(LISTED ENTRIES)

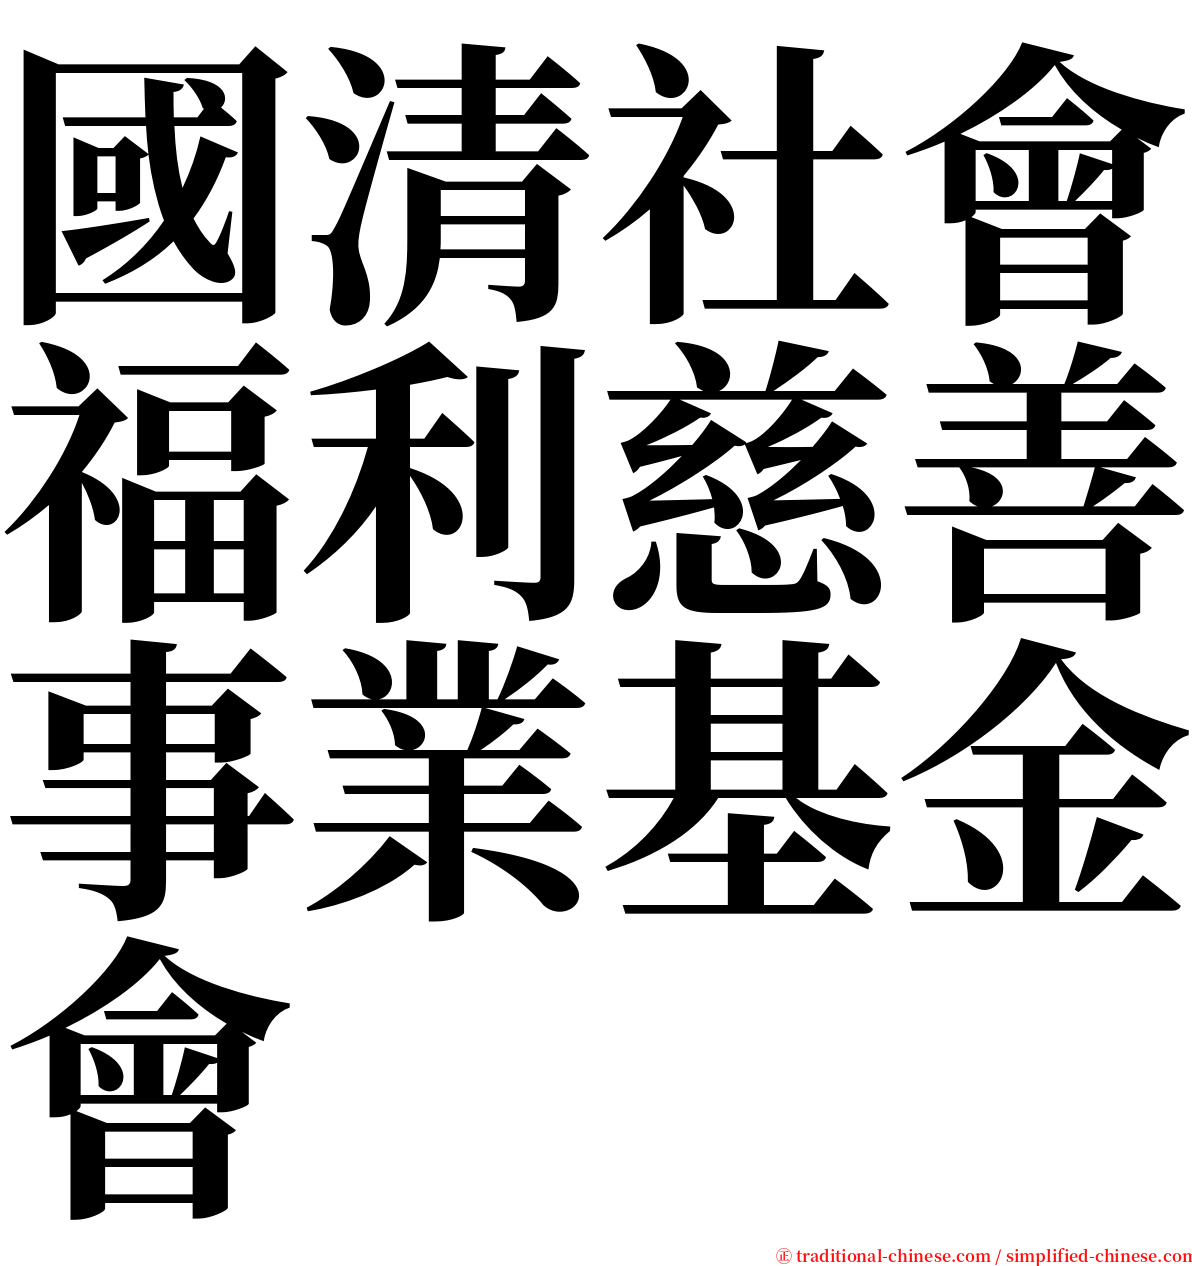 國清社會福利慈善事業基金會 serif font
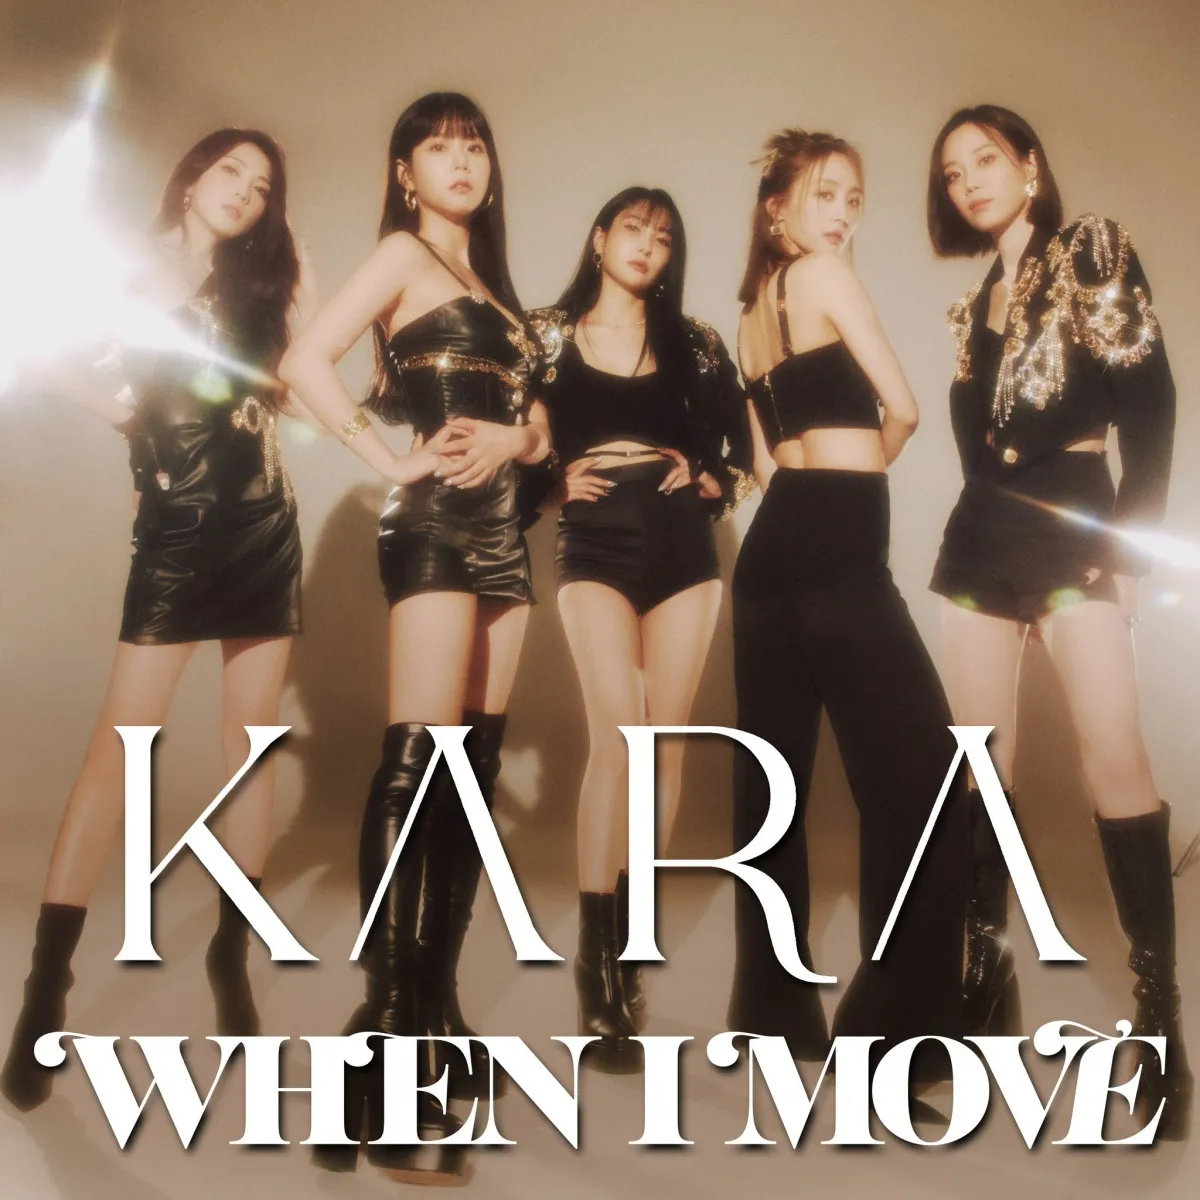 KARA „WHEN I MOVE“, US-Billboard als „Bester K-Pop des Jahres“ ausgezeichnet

(End LISTED ENTRIES)
(LISTED ENTRIES)

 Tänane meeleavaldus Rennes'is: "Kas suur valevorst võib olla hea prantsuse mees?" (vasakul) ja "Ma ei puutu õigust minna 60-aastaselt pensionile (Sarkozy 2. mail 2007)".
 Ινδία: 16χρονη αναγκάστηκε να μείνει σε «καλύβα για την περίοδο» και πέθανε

(End LISTED ENTRIES)

**PROBLEM TO SOLVE**
Output exactly the stretch of the listing that begins at the line containing "國清社會福利慈善事業基金會 serif font" and ends at the line containing "KARA „WHEN I", both kept. Omit pictures and everything else.

**TASK RESULT**
 國清社會福利慈善事業基金會 serif font
 KARA „WHEN I MOVE“, US-Billboard als „Bester K-Pop des Jahres“ ausgezeichnet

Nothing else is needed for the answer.